NOTES TO CONSOLIDATED FINANCIAL STATEMENTS
(UNAUDITED)
NOTE 1 - Basis of Presentation
The accompanying unaudited consolidated financial statements, which are for
interim periods, do not include all disclosures provided in the audited annual
consolidated financial statements. These unaudited consolidated financial
statements should be read in conjunction with the consolidated financial
statements and the footnotes thereto, together with management's discussion and
analysis of financial condition and results of operations, contained in the
Annual Report on Form 10-K for the year ended December 31, 1996 of Rx Medical
Services Corp. (the "Company"), as filed with the Securities and Exchange
Commission. The December 31, 1996 balance sheet was derived from audited
consolidated financial statements, but does not include all disclosures required
by generally accepted accounting principles.

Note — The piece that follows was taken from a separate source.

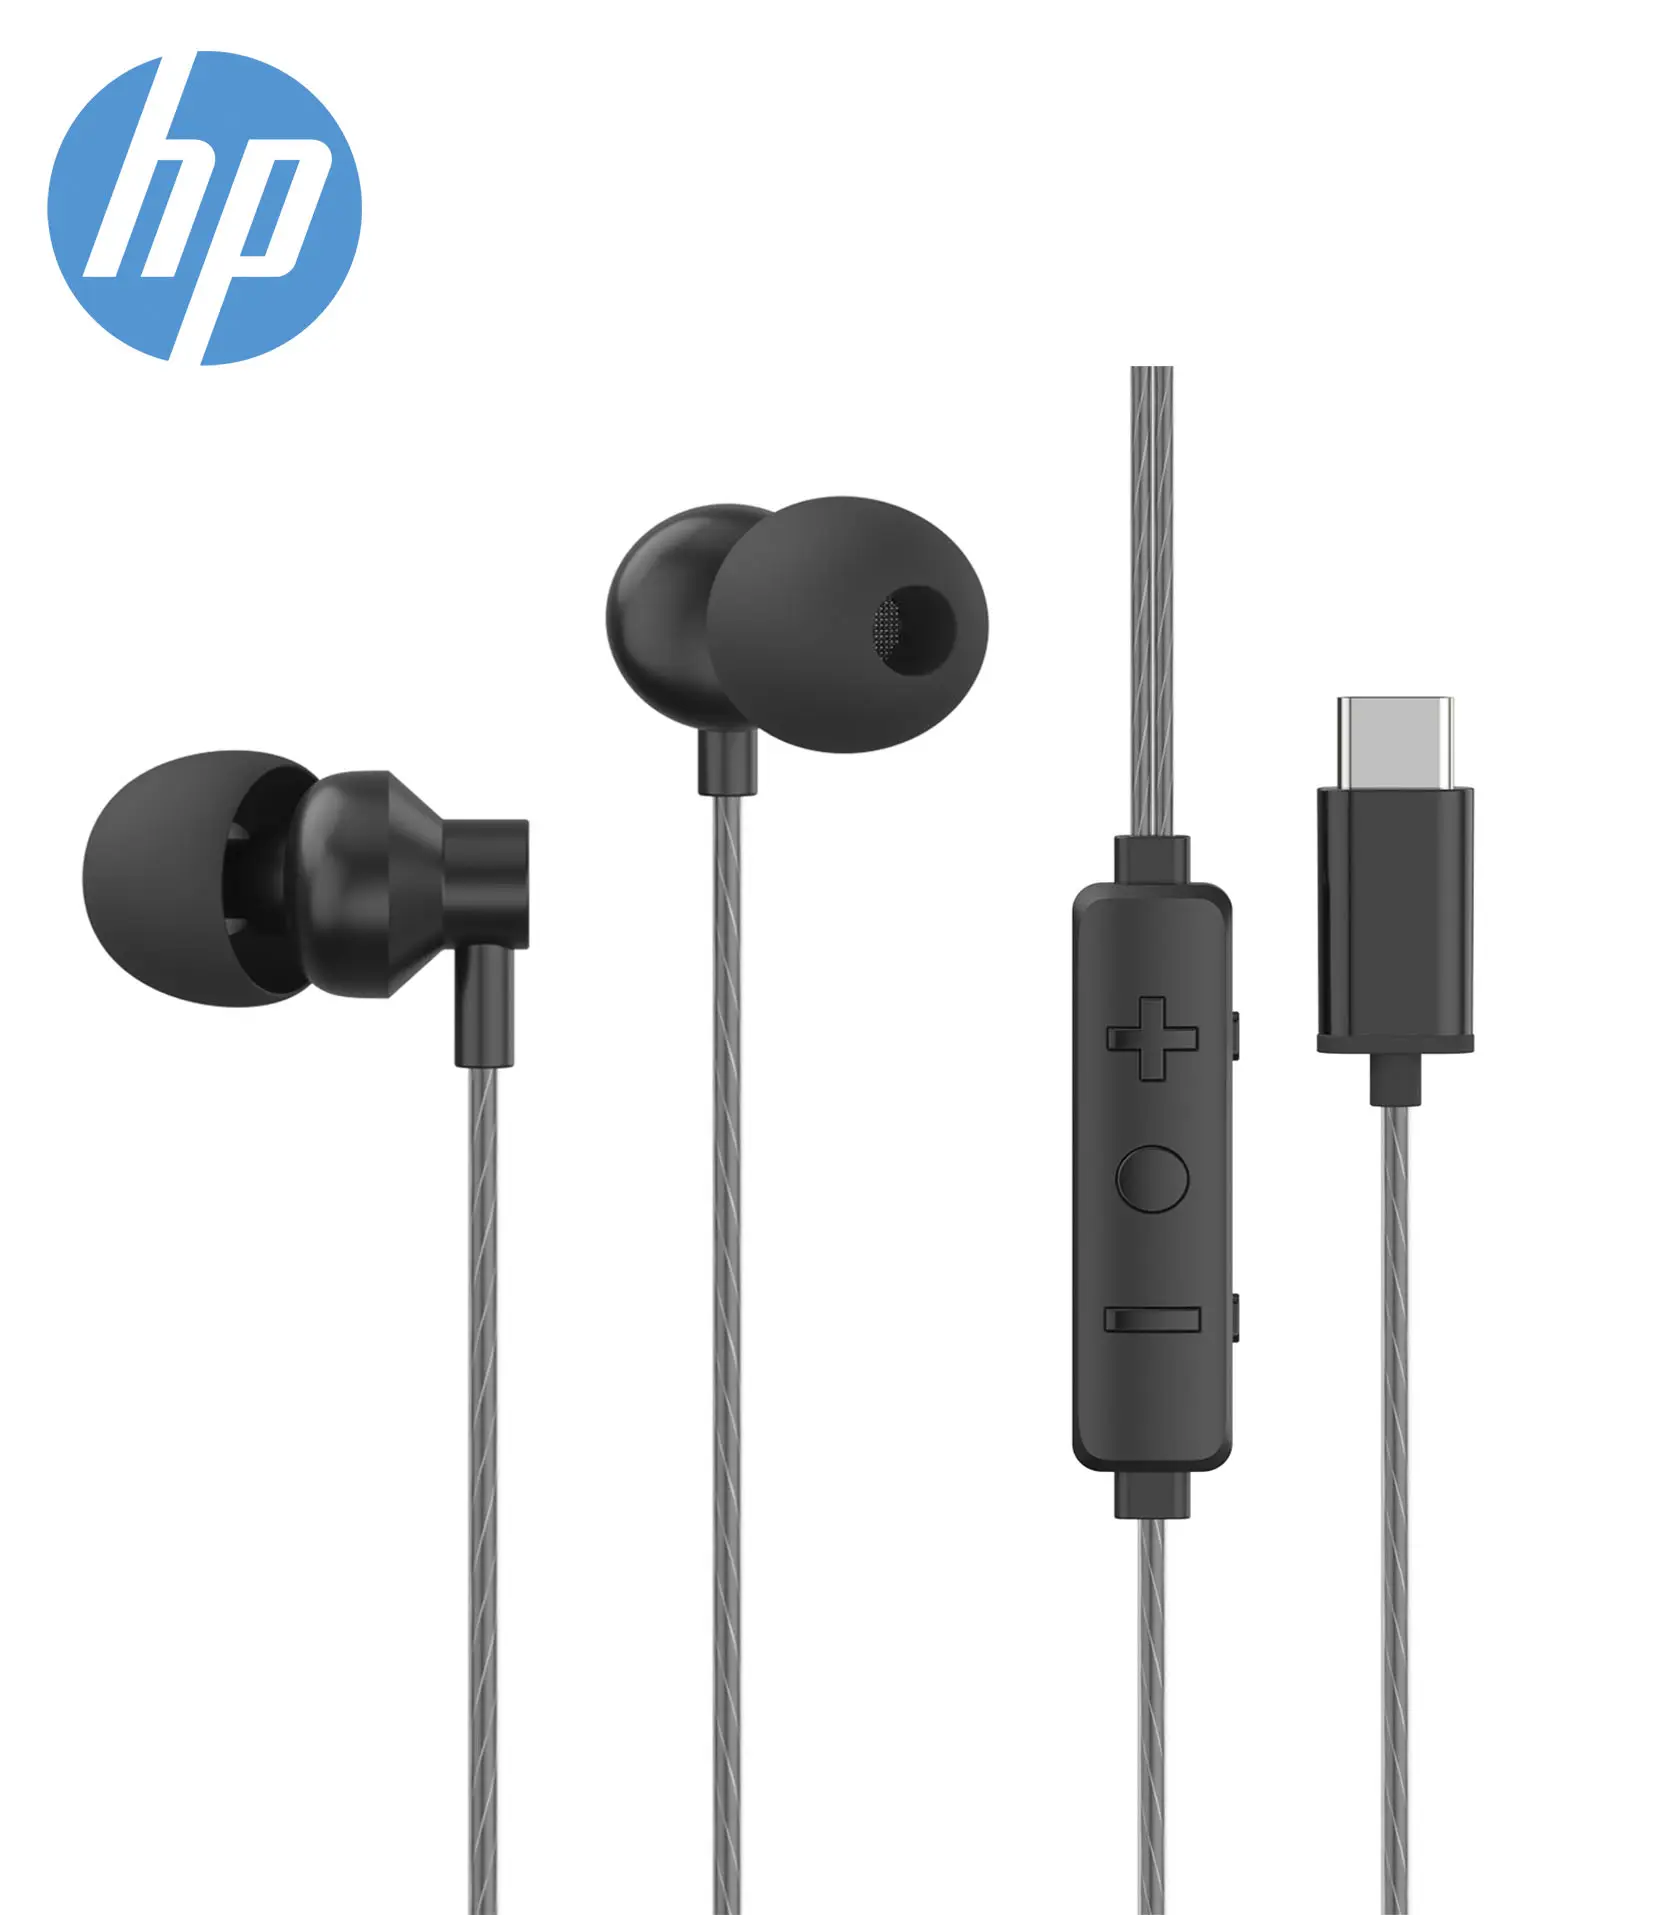 HP DHH-1127 Top Seller Type C Aluminum Wired Headphones For Iphone Earphones With Volume Control

For the year ended December 31, 1996, the medical diagnostic services business
segment has been reflected as discontinued operations in accordance with
Accounting Principles Board Opinion No. 30 which provides for the reporting of
operating results of discontinued operations separately from the continuing
operations.
The Company has experienced significant losses in each of the past three years,
had a working capital deficit of $38.2 million at March 31, 1997, is in default
with respect to certain indebtedness and there are uncertainties regarding the
Company's compliance with federal and state self-referral regulations while
operating its medical diagnostic services business segment. However, the
accompanying financial statements have been prepared on the basis that the
Company will continue as a going concern because management believes it has an
attainable plan to overcome these matters and provide sufficient capital to
operate for the coming year. The Company's ability to continue as a going
concern is also dependent on the settlement of various lawsuits and the
continued funding of its operations from its primary lender, National Century
Financial Enterprises, Inc. (the "Financing Source") or an alternative source,
without which funding the Company's ability to continue as a going concern would
be adversely impacted.
While the Company has not yet reached operational profitability, the Company has
several plans in progress to improve profitability, as well as cash flow,
including the continued development of its hospital management and
pharmaceutical products distribution businesses, while also seeking the
acquisition of ancillary related businesses. This expansion will focus on
increased revenues, market share and positive cash flow. Also, expense
reductions are expected to be achieved through the continuing implementation of
aggressive cost cutting and reorganization strategies.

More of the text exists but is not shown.